# TASK GOAL
The whole listing that follows is to be restated word for word, images excluded.
----- DATA SHOWN -----
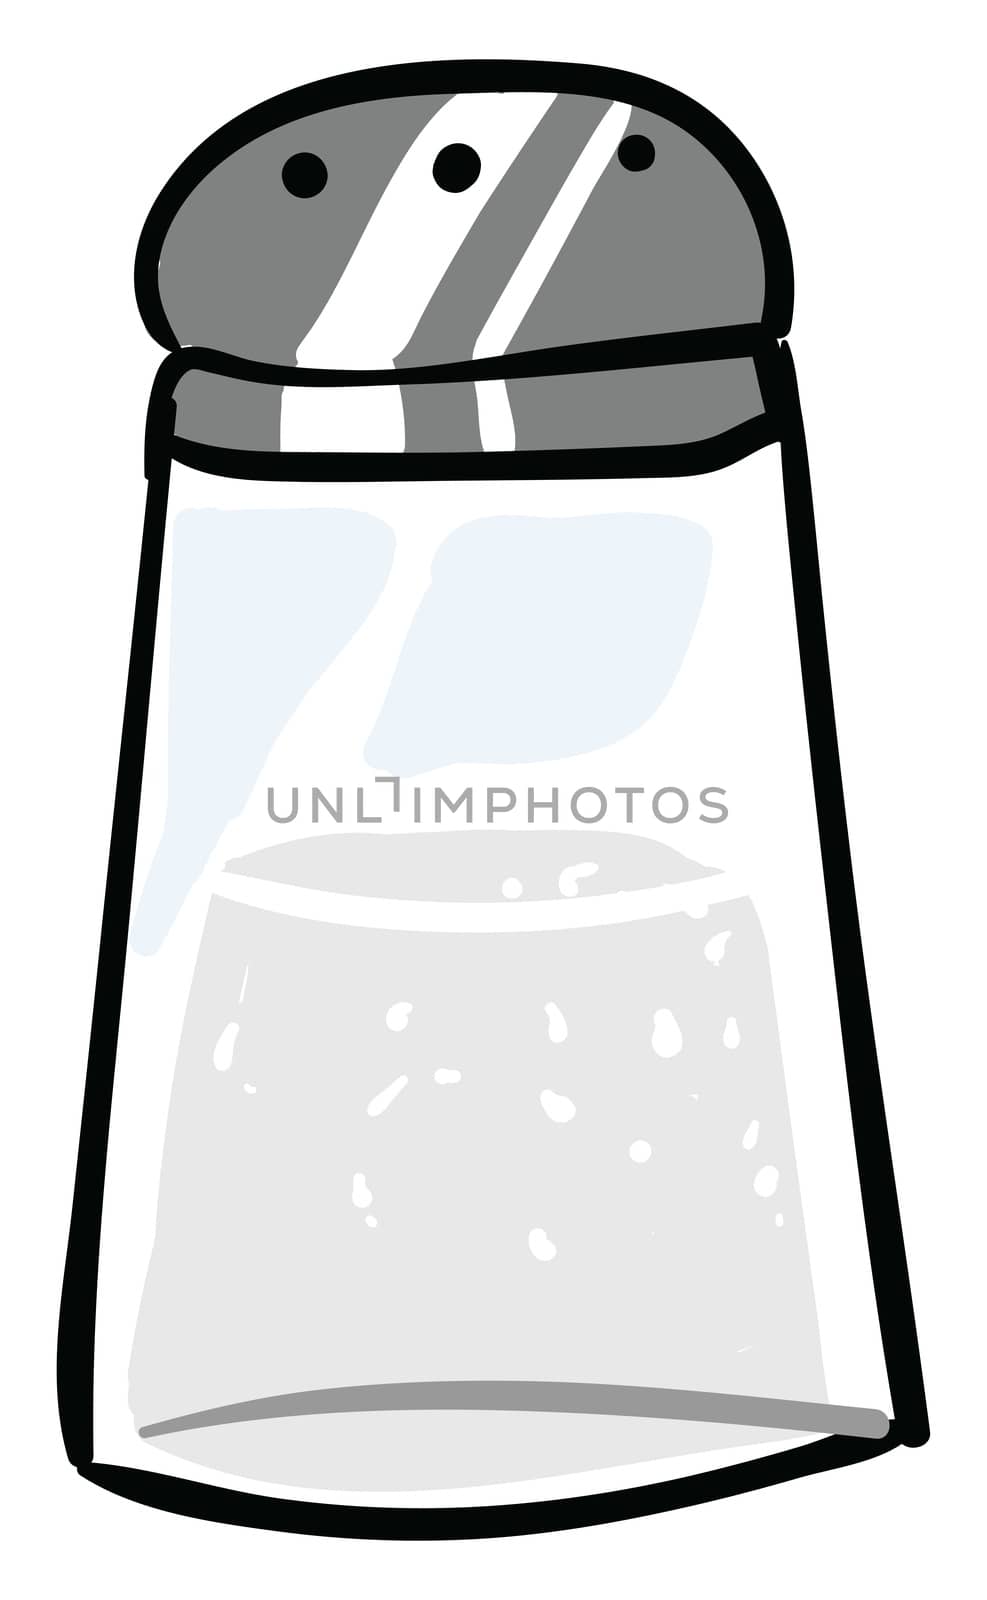 Salt shaker , illustration, vector on white background by Morphart
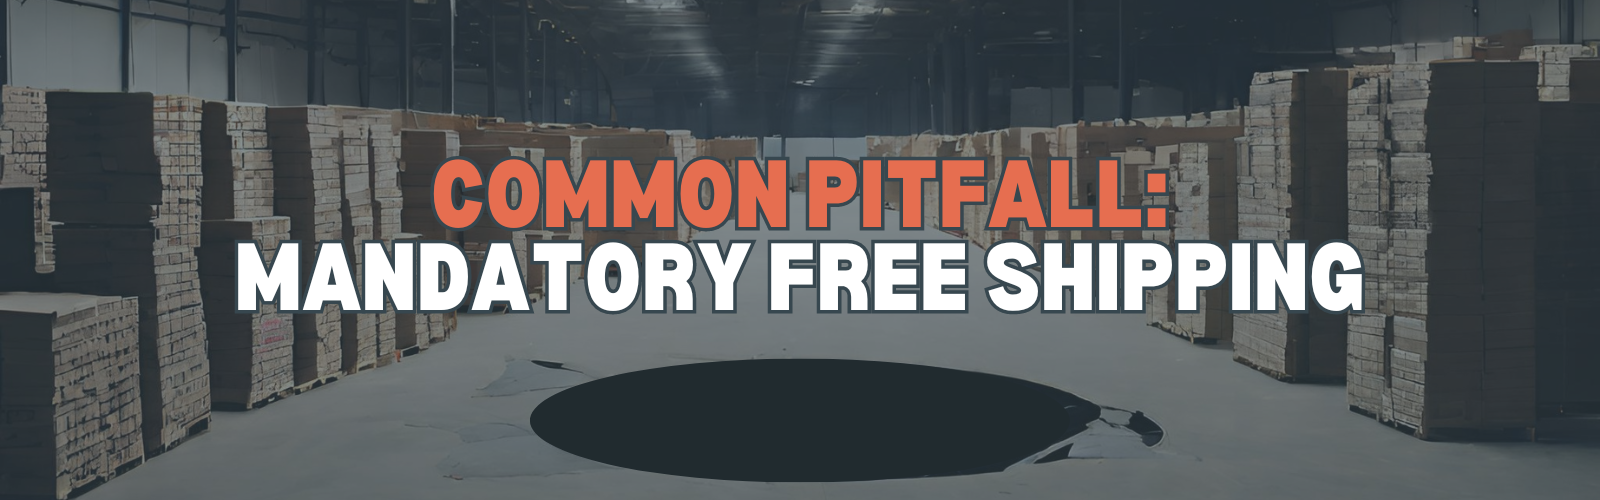 Amazon FBA - Common Pitfall - Mandatory Free Shipping
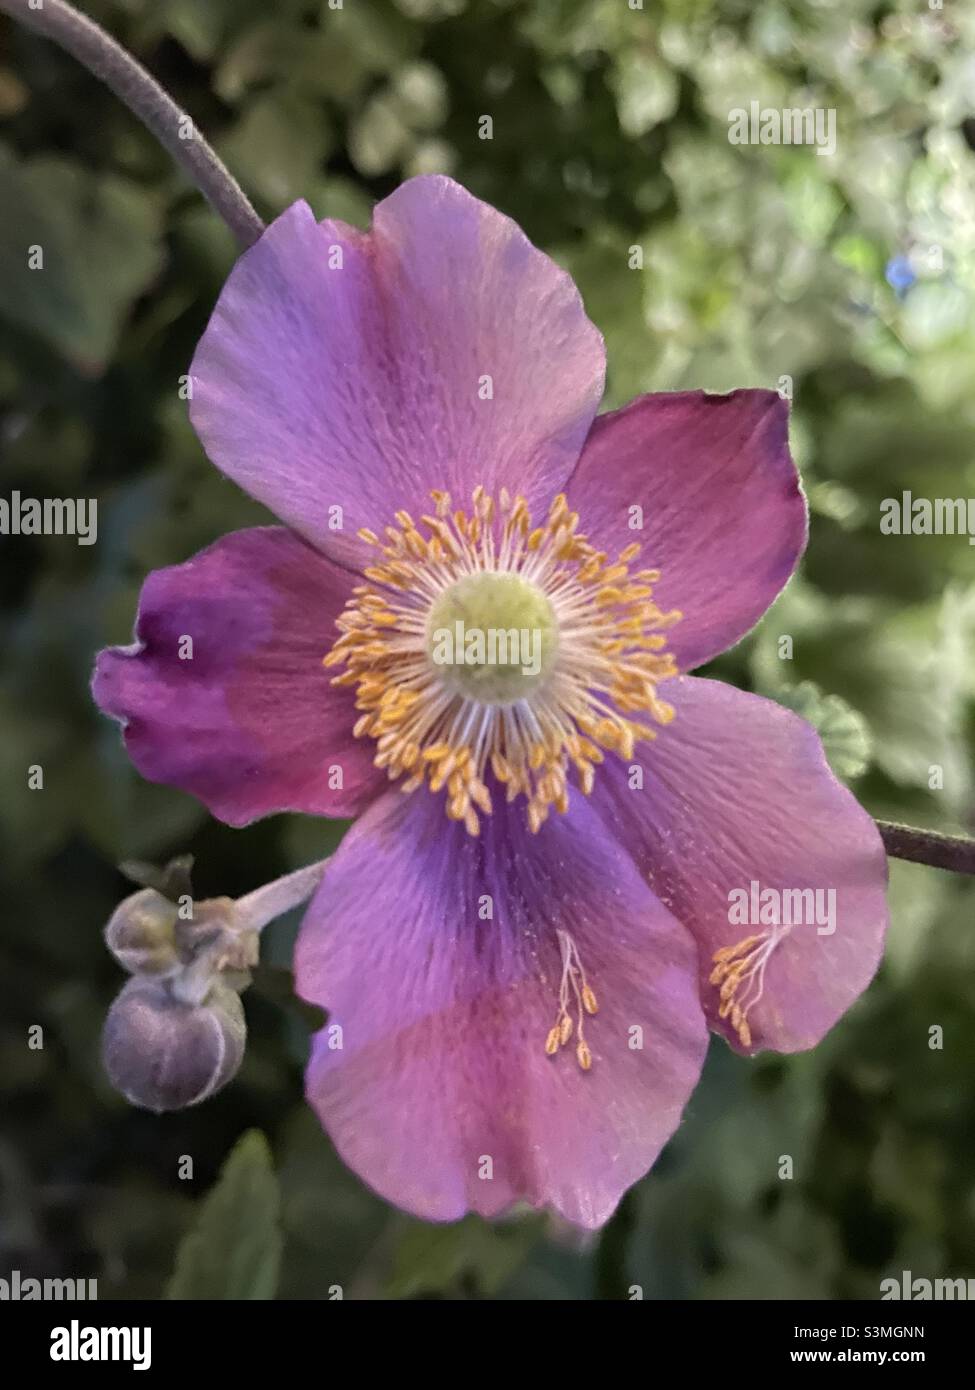 Queen purple bloom in details Stock Photo
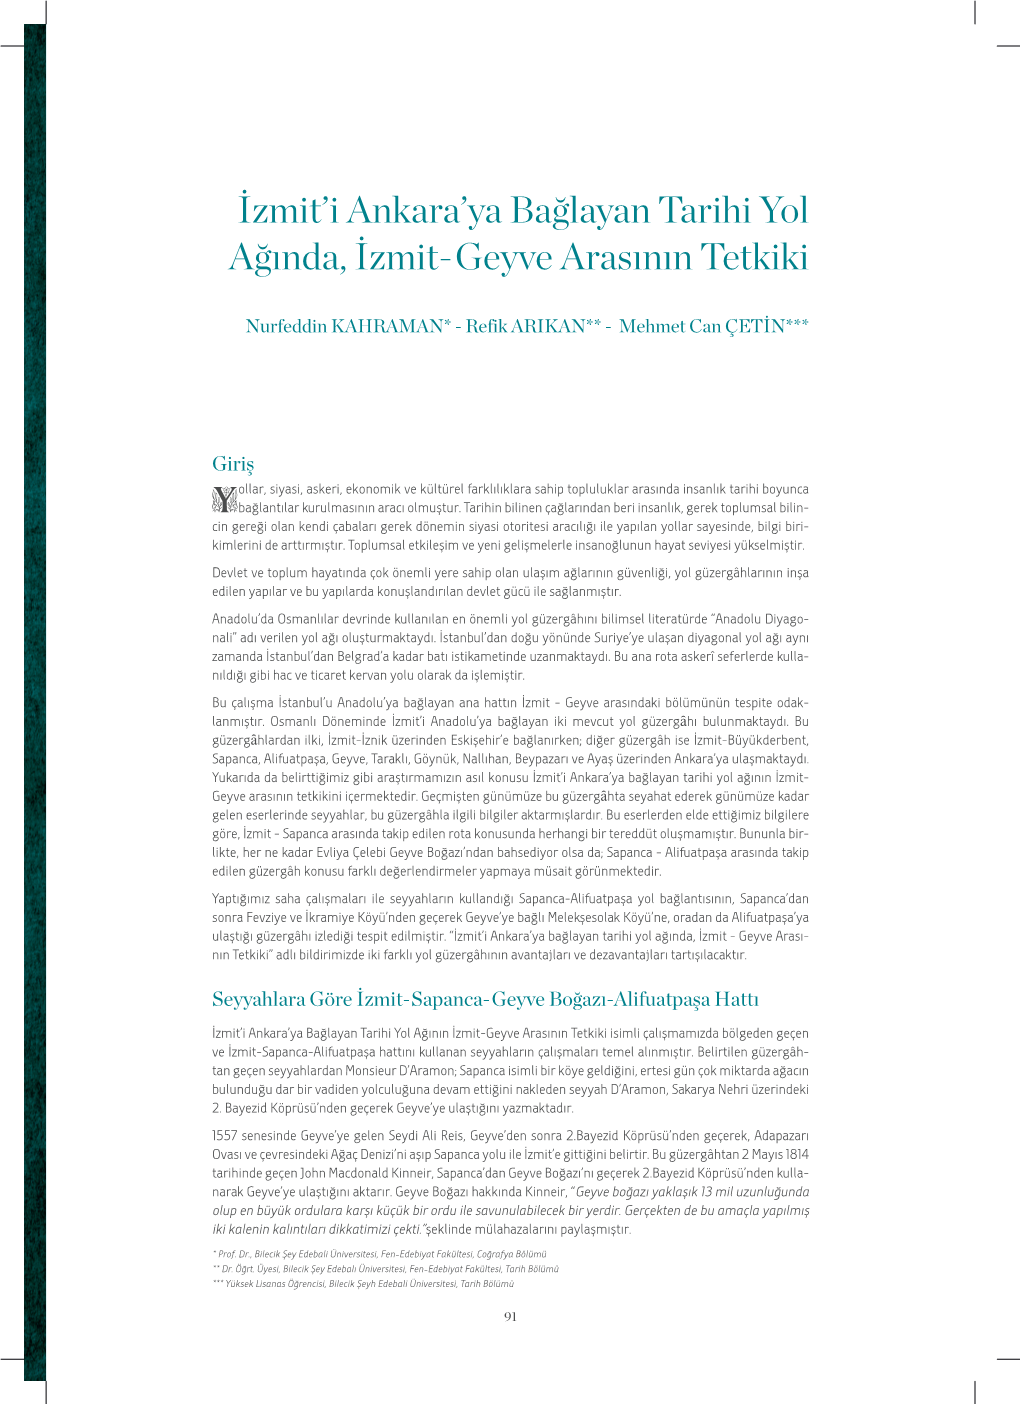 İzmit'i Ankara'ya Bağlayan Tarihi Yol Ağında, İzmit-Geyve Arasının Tetkiki
-----
# SOLUTION FOR THIS TASK
 Salt shaker , illustration, vector on white background by Morphart
 Amazon FBA - Common Pitfall - Mandatory Free Shipping
 Queen purple bloom in details Stock Photo
 İzmit'i Ankara'ya Bağlayan Tarihi Yol Ağında, İzmit-Geyve Arasının Tetkiki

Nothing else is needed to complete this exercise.